On 3 Dec 2003 16:33:14 GMT, "Ban" <[EMAIL PROTECTED]> wrote:

>Drew Eckhardt wrote:
>|| In article <[EMAIL PROTECTED]>, Ban
>|| <[EMAIL PROTECTED]> wrote:
>||| Wayne, what is it that you want to improve with the EQ?
>||| My experience is you rather need better speakers, don't you?
>||| Or maybe you need some bass traps or other acoustic modification in
>||| your listening room. Equalizers usually do not help. :-(
>||
>|| They're a fine crutch for bad recordings and some listening
>|| environment problems.
>||
>|| A tilt control makes rock music recordings by tone-deaf engineers
>|| listenable on the neutral speakers you bought so that good
>|| recordings shine.
>
>How can a deaf engineer make a good recording that "shines"? Seems to be a
>contradiction in terms. What is a tilt control, BTW?

Many rock engineers have sever upper-range hearing loss, and their
control room monitors are EQ'd up the kazoo with a rising treble
response (hence 'tilt'). A normal schoolchild introduced to such a
control room will hear a *horrifically* screechy sound, but the
balance may be perfectly neutral once the recording is replayed on a
truly neutral home system. Note that this does depend on the engineer
*knowing* what his hearing is like..................

>|| Loudness contours following the Fletcher-Munson curves restore a
>|| decent tonal balance when you're forced to listen at lower levels.
>||
>So you want to fiddle the 20 sliders he is descibing each time you turn the
>volume down? Those controls only survive a maximum of a hundred operations
>before they start crackling. :-(

Not if you use Penny & Giles faders, they don't!

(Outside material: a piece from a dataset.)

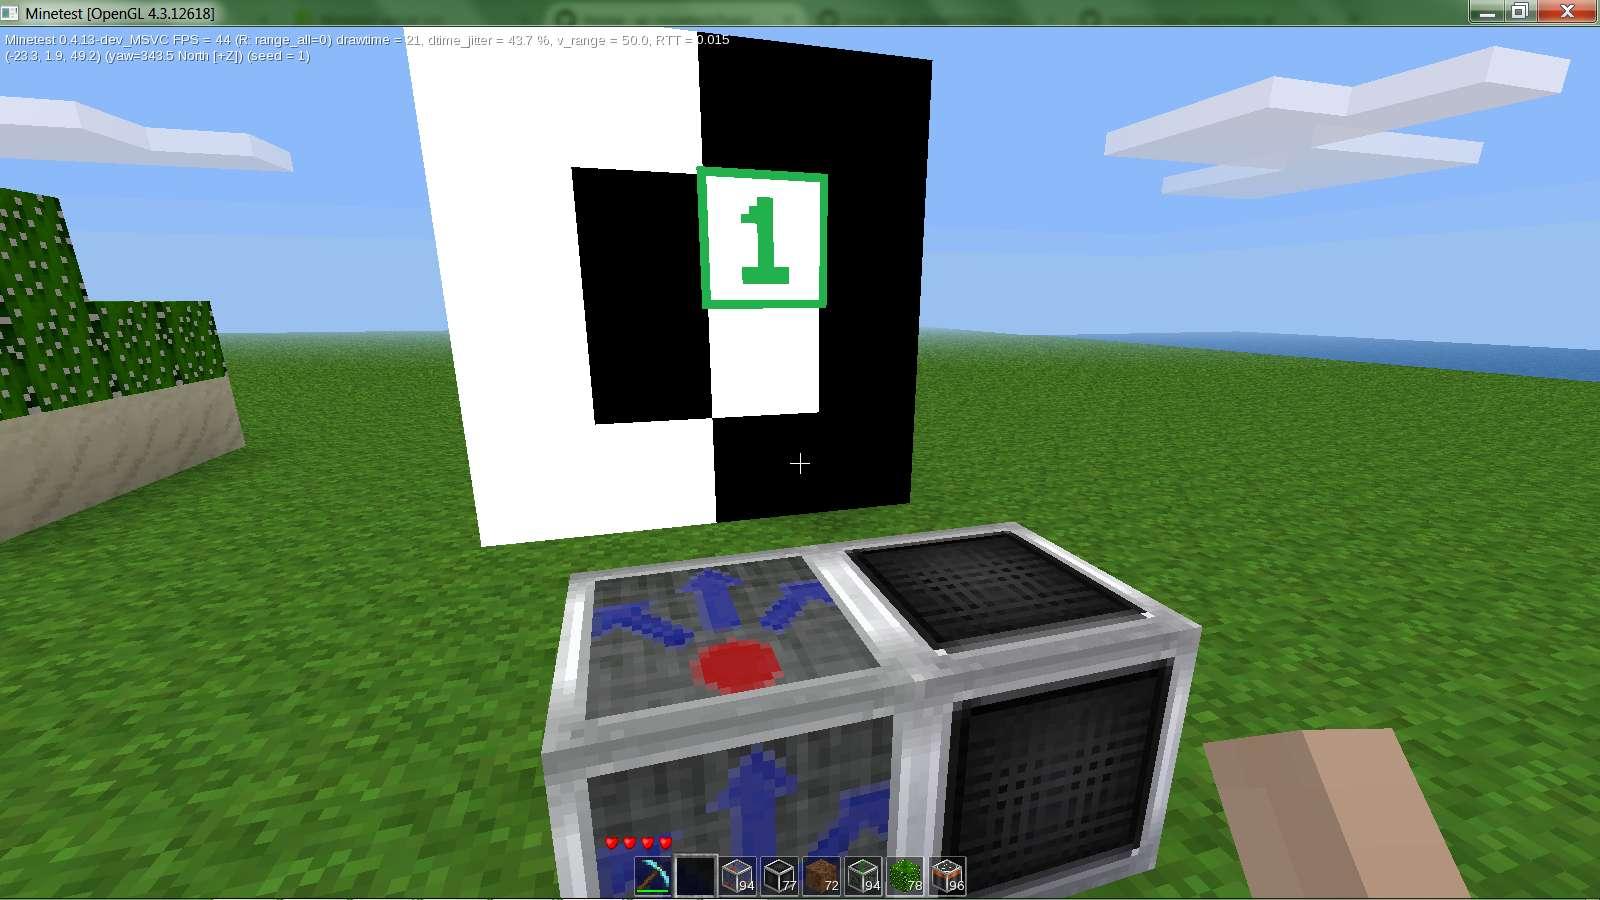 keypad1

>|| A Linkwitz Transform will let you have the poles and Q you want.
>||
>
>Really with the graphical EQ you can do that? I have an active system and I
>do it, but with passive speakers?

Introduce the EQ into a tape loop.

>|| A shelving high pass filter can cut frequencies below a ported
>|| enclosures tune that could bottom the woofer(s), or eliminate the
>|| boom from room gain.
>||
>You cannot eliminate boom from room gain, unless you have no bass at all.
>Resonances and standing waves can only be eliminated with acoustical means
>like the ones mentioned in my first post.

Well, that's true, but EQ can help.

>|| Notch filters can eliminate peaks.
>||
>That was my mentioning better speakers. If you have peaks in the
>transmission curve, it is because of resonances in the speaker cone.

Or the room...............

> You can
>then put specific filters (tank LC) in parallel or in series with the single
>chassis, but an overall graphic EQ with fixed Qs?

Parametric equalisers have variable Q and centre frtequencies, they
can tune out response peaks and dips quite well.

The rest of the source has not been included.